Finding Four Roots

$x^4 + \dfrac{8}{9}x^2 + 1=3x^3 + 3x$

$\Rightarrow 9x^4 + 8x^2 + 9 = 27x^3 + 27x$

$\Rightarrow 9x^4 -27x^3 + 8x^2 - 27x + 9=0$

$\Rightarrow x^2\bigg[9x^2 -27x + 8 - \dfrac{27}{x} + \dfrac{9}{x^2}\bigg]=0$

$\Rightarrow x^2\bigg[9\bigg(x^2 + 2 +\dfrac{1}{x^2}\bigg) -27\bigg(x + \dfrac{1}{x}\bigg) + 8 -18\bigg]=0$

Since , $x \neq 0$ , $9\bigg(x + \dfrac{1}{x}\bigg)^2 -27\bigg(x + \dfrac{1}{x}\bigg) -10=0$

Let $x + \dfrac{1}{x} = t \Rightarrow 9t^2 - 27t - 10= 0 \Rightarrow (3t+1)(3t-10) =0$

$\Rightarrow t = \dfrac{-1}{3} or \dfrac{10}{3}$

When $t = \dfrac{-1}{3} , x + \dfrac{1}{x} =\dfrac{-1}{3} \Rightarrow 3x^2 + x + 3 = 0 \Rightarrow x = \dfrac{-1 \pm \sqrt{-35}}{6}$ , this not possible since the question asks for real roots.
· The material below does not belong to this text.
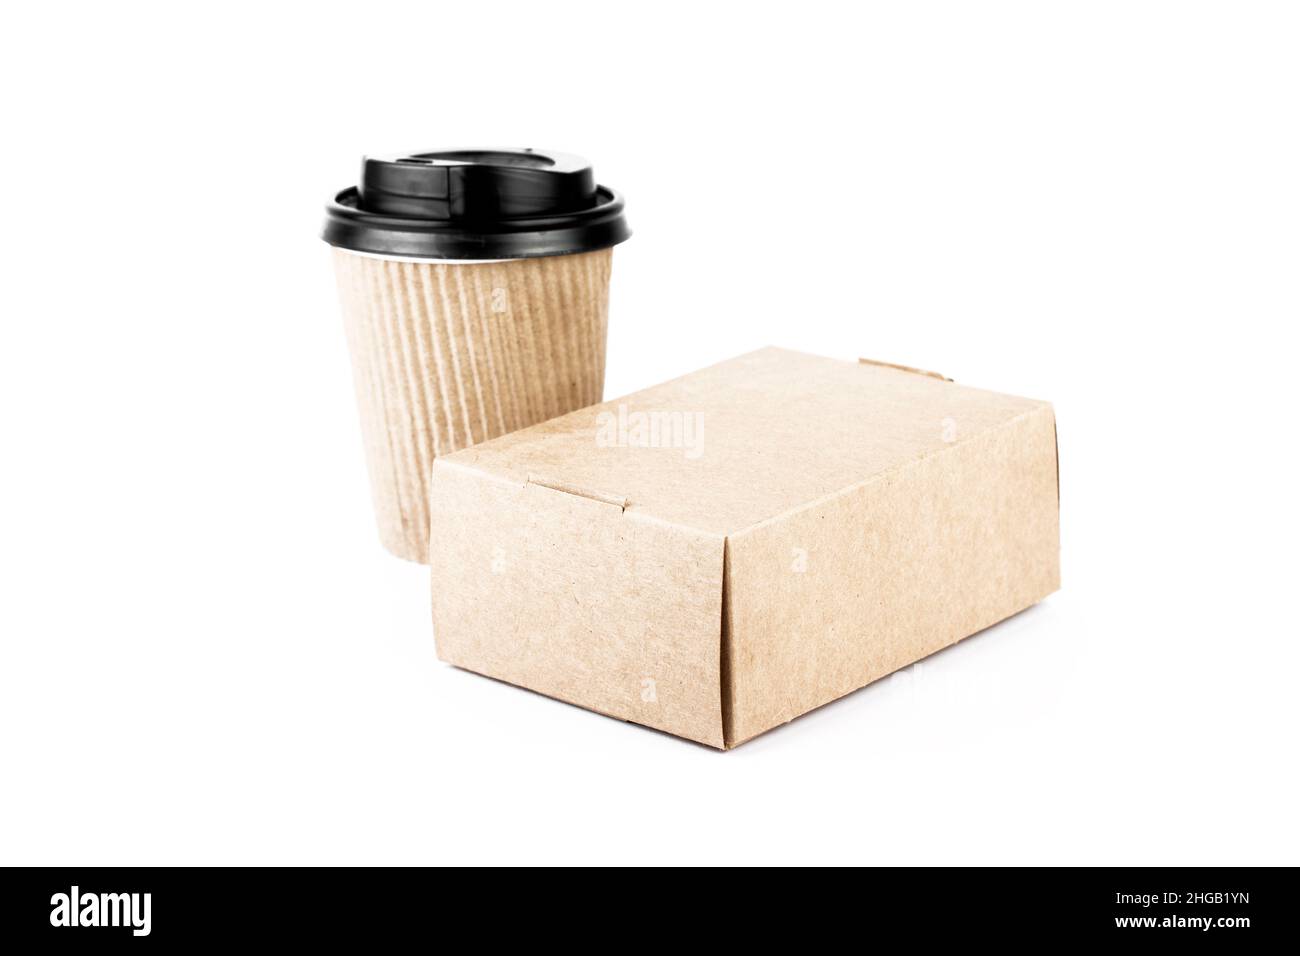 Kraft paper coffee cup and meal box isolated on white background. Take away delivery concept. Part of set. Stock Photo
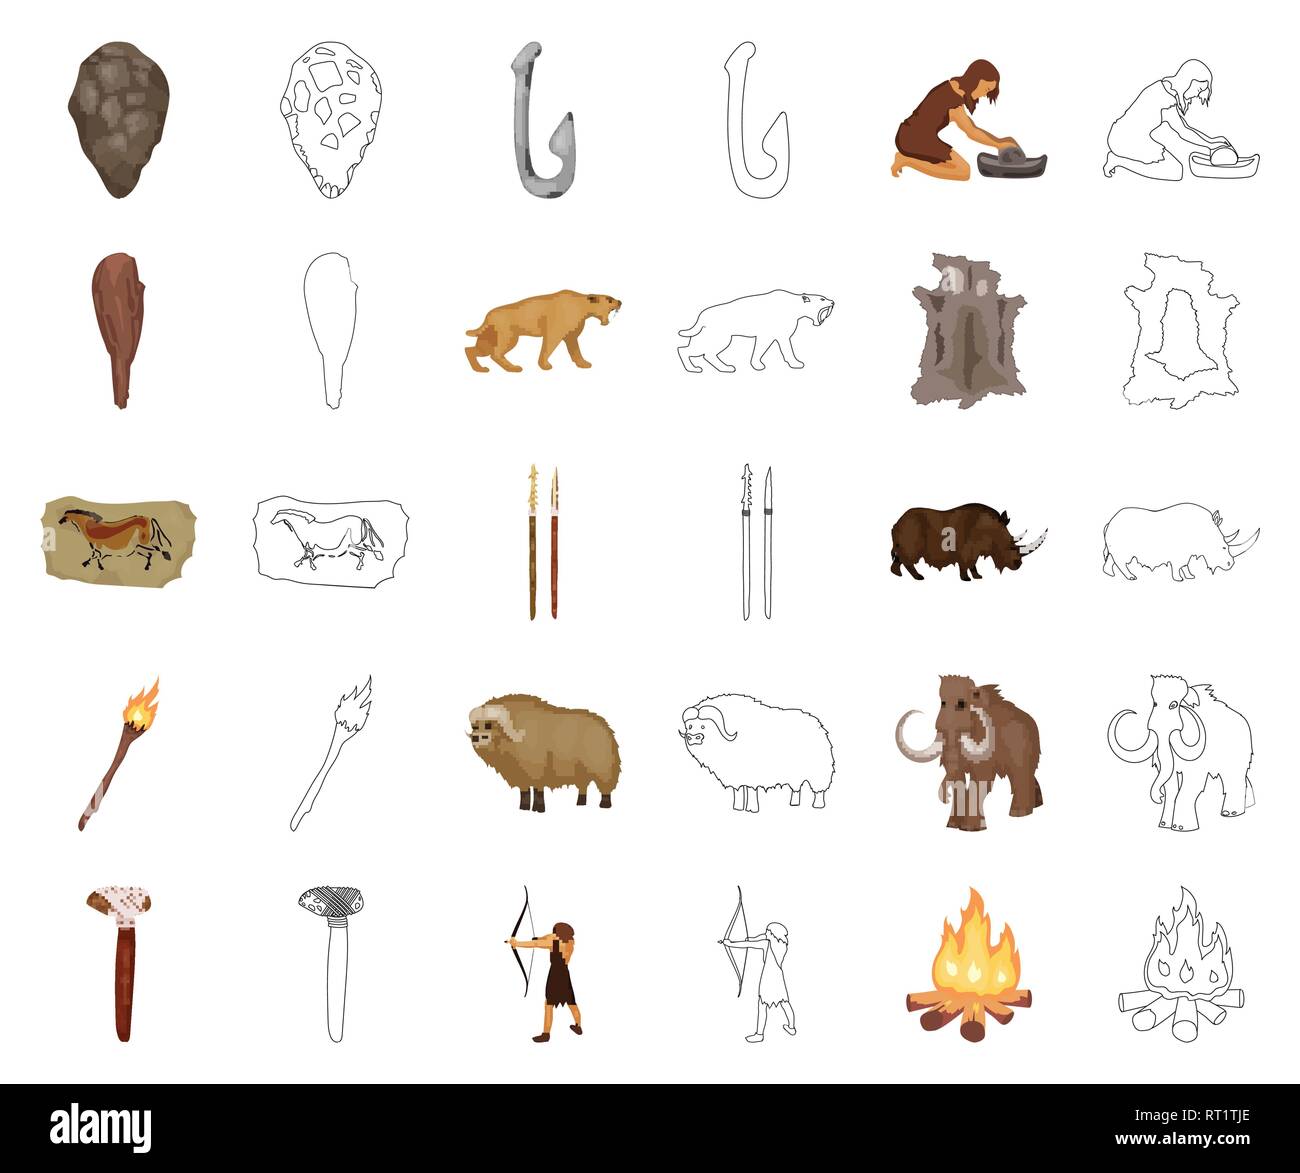 age,ancient,animal,antiquity,arrow,axe,beginning,bone,bow,campfire,cartoon,outline,caveman,cavewoman,collection,culture,design,development,epoch,fauna,fish,grindstone,hide,hook,humanity,icon,illustration,isolated,life,logo,man,muskox,painting,people,period,rhinoceros,saber-toothed,set,sign,spears,stone,survival,symbol,tiger,tool,torch,truncheon,vector,venus,web,woolly mammoth Vector Vectors , Stock Vector

When $t = \dfrac{10}{3} , x + \dfrac{1}{x} =\dfrac{10}{3} \Rightarrow 3x^2 - 10x + 3= 0\Rightarrow (3x - 1)(x - 3) = 0$

$\Rightarrow x = \dfrac{1}{3} , 3$

Hence , sum of real values of $x = \dfrac{1}{3} + 3= \dfrac{10}{3}$ [Actually this can be derived easily by Vieta's formula.]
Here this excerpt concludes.